History

Great Britain
- Name: Rambler
- Builder: Ing. Eskdale
- Launched: 1792
- Fate: Condemned circa February 1808

General characteristics
- Tons burthen: 343, or 346 (bm)
- Length: 103 ft 10 in (31.6 m)
- Beam: 28 ft 7 in (8.7 m)
- Complement: 1799:36
- Armament: 1795: 6 × 6-pounder guns; 1799: 18 × 6&12&18-pounder cannons + 4 swivel guns; 1799: 16 × 12-pounder guns; 1805: 8 × 18–pounder & 8 × 6–pounder guns of "the New Construction"; 1806: 2 × 6-pounder guns;

= Rambler (1792 ship) =

British merchant ship 1792–1808

Rambler was launched at Whitby in 1792. She was a transport and West Indiaman, though she made a voyage to Smyrna before returning to the West Indies trade. She was condemned at Antigua in early 1808, having been damaged while sailing from Jamaica to London.

==Career==
Rambler first appeared in Lloyd's Register in 1795.

| Year | Master | Owner | Trade | Source |
|---|---|---|---|---|
| 1795 | H.Charter | Js.Atty | Cowes transport | LR |
| 1797 | H.Charter Whytock | Js.Atty Lushington | Cowes transport London–Demerara | LR |

In 1797, her ownership changed and her new owners moved her registration to London.

| Year | Master | Owner | Trade | Source & notes |
|---|---|---|---|---|
| 1799 | Whytock | Lushington | London–Demerara | LR; damages repaired 1799 |

On 6 July 1799, Captain George Whytock acquired a letter of marque.

| Year | Master | Owner | Trade | Source & notes |
|---|---|---|---|---|
| 1800 | Whytock | Geddes & Co. | London–Martinique London–Suriname | LR; damages repaired 1799 |
| 1802 | Whytock J.Smith | Geddes & Co.
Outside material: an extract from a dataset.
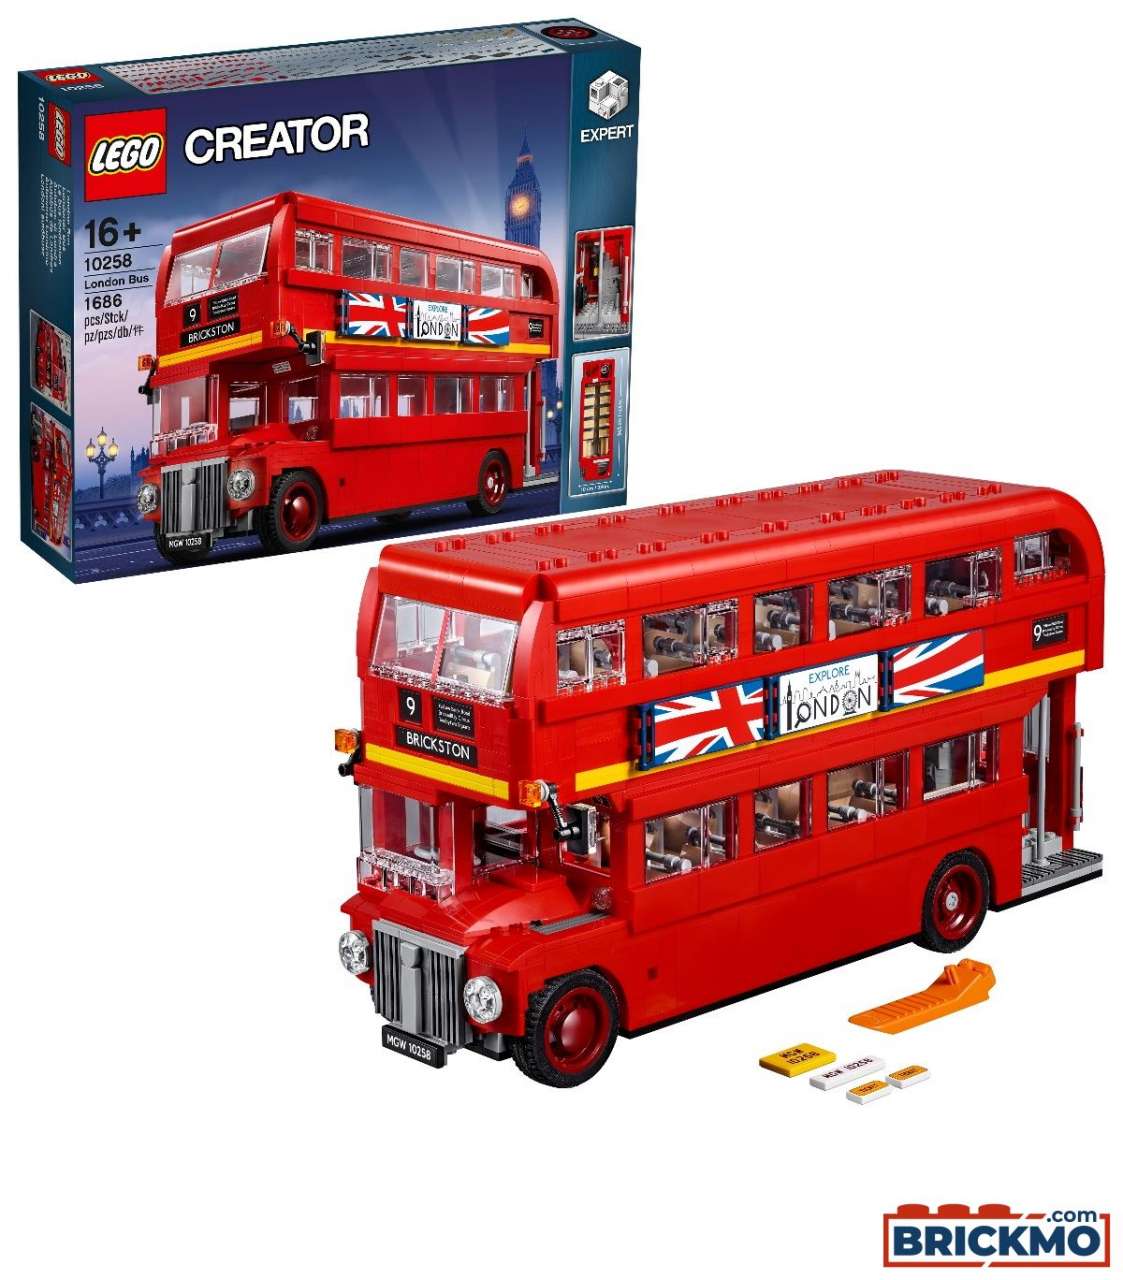 LEGO Creator 10258 London Bus 10258

Doveas & Co. | London–Suriname London–Smyrna | LR; damages repaired 1799 |
| 1805 | J.Smith G.Allen | Doveas & Co. J.Annen | London–Smyrna London–Barbados | LR; damages repaired 1799 & thorough repair 1805 |
| 1806 | G.Allen C.Williams | J.Annen | London–Barbados | LR; thorough repair 1805 & 1806 |
| 1807 | C.Williams | J.Annen | London–Jamaica | LR; thorough repair 1805 & 1806 |

==Fate==
On 4 January 1808, Rambler, Williams, master, which had been sailing from Jamaica to London when she had been seen at , in great distress. She had cut away her main and mizzen masts and was bearing away for the Western Island (the Azores). She was next reported to have put into Antigua. She was condemned there.

Her entry in the LR volume for 1809 carried the entry "condemned" by her name.